Clark’s Black Christmas suggests a world of quotidian mistrust of the voices of women while also centering the relationships that women have with one another. The film is endowed with a sense of timelessness by accomplishing both of these goals with a script that doesn’t flinch at violence, and allowing women to have a college life beyond flirtatious beach adventures. Scenes between sorority girls are treated like a hangout, and even with the telephone calls and the disappearance of their friends they treat the company of one another as their own safe space. Olivia Hussey and Margot Kidder are both really remarkable and have a wattage about them that’s easy to gravitate towards. Kidder plays her character Barb like she’s out to a live a life occupied only by substances and sex, and even when she’s a little more provocative than the other girls she’s still treated like a sister: like their fuck-up. But the film revolves around Jess’s realization that her boyfriend might be the one making the obscene phone calls when the pervert over the phone starts bringing up her pregnancy and the guilt she might have in terminating the fetus. The horror revolves around a woman’s right to choose and the frustration that comes from men who are hellbent on making that decision for women. All of the violence in Black Christmas unravels from that central point of conflict. It is all tinged with the degradation of men losing control and trying to take back what they assume is their decision to make.  

Much of Black Christmas is shot like Alan J. Pakula’s Klute (1971). The shadows are ominous, the light sources are usually extensions of the bedrooms that the sorority girls have decorated themselves, and the hovering threat of the telephone interrupting a girl’s sense of safety is tangible. Much of the violence in the film is also shot with its ear bent toward phallic symbolism and male frustration: an agonizingly long death scene of a plastic bag pulled over sorority sister Clare Harrison’s (Lynne Griffin) head, the horn of a unicorn plunged into Barb’s chest. All of these violent scenes are given substantial weight, because every aspect of societal protection feels unsafe for women. When the girls go to the police to make a missing person’s report for Clare they don’t believe the girls and suggest that she’s probably off somewhere with her boyfriend. They tell the girls to calm down. They only begin to investigate when a male friend of Clare’s also expresses worry. Clark navigates all of these various difficulties that women face systemically with a deft touch that never emphasizes the importance of making a point. It feels lived in and natural, and it’s easy to feel almost cozy in the unsafeness of the original Black Christmas, because the tone of how women are treated begins to feel normal, like day to day life, something we’ve all had to put up with. The only difference being that sometimes we aren’t killed. Sometimes.

The original Black Christmas remains one of the finest horror films of the 1970s because it is expressly in conversation with the advancements made by the activism of the women’s liberation movement. It is unique among slashers because the genre tropes are not set in stone, and the distrust in societal figures, and the escalating violence of North American cinema brought about by the New Hollywood movement all collide in a perfect expression of women’s anxieties. There’s a new remake of Black Christmas (now in cinemas directed by Sophia Takal and co-written by April Wolfe, that throws all subtlety out the window in favor of a blunt anger with the state of how women are treated in 2019. Sophia Takal’s Black Christmas suggests that the only way to rid the world of monsters who call themselves men is to burn everything down, because nothing else is working these days.
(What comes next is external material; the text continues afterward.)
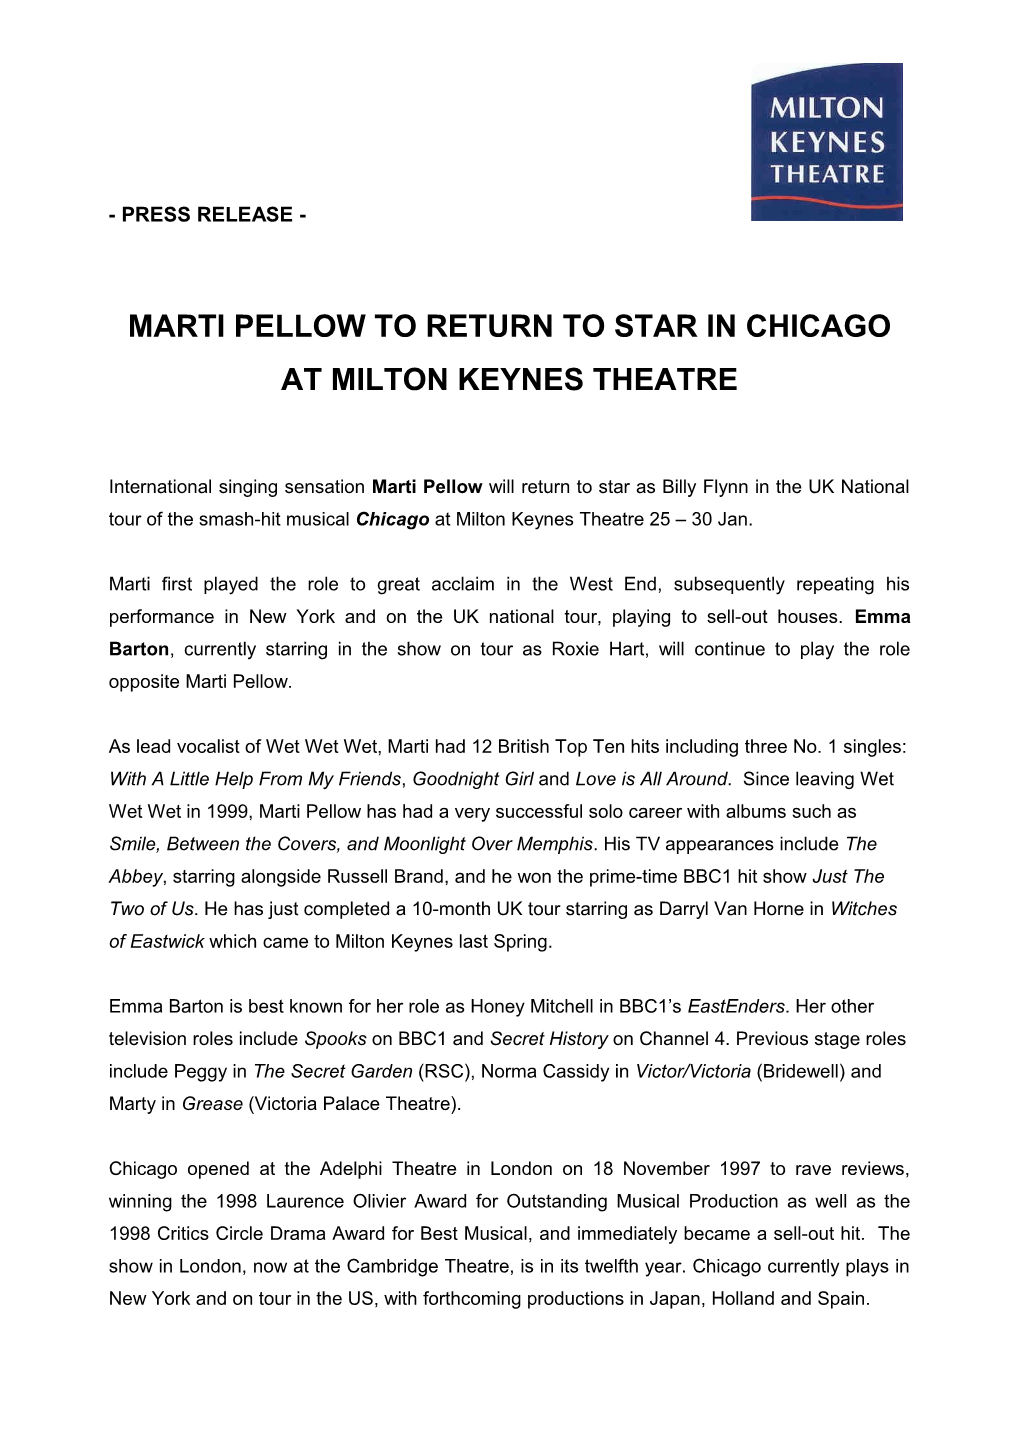 Marti Pellow to Return to Star in Chicago

While watching Takal’s new movie I was left thinking about the little ways women go through day to day life without letting anger at being treated like second class citizens worthy of distrust boil over into outright violence. There’s one scene early on where Riley Stone (Imogen Poots) is working her day job as a barista. Everything is normal until a man walks in she immediately recognizes. He’s the best friend of the man who raped her. He’s there for no reason other than to exert his power over her, but because Riley is working her day job she can’t say or do anything, except serve him. The new Black Christmas is filled to the brim with examples like these and goes about delivering them in frank, to the point,  fashion that feels more appropriate for the times we now live in. Instead of dirty phone calls, the new edition of this story includes suggestive threatening text messages, and the anxieties around abortion and a woman’s right to choose are updated to that of rape culture. But more than anything else, Takal’s film feels like a genuine response to the agony of women that came in the wake of President Trump, an accused rapist, endorsing fellow abuser Brett Kavanaugh to become a Supreme Court Justice and the dismissal of Christine Blasey Ford’s heroic testimony.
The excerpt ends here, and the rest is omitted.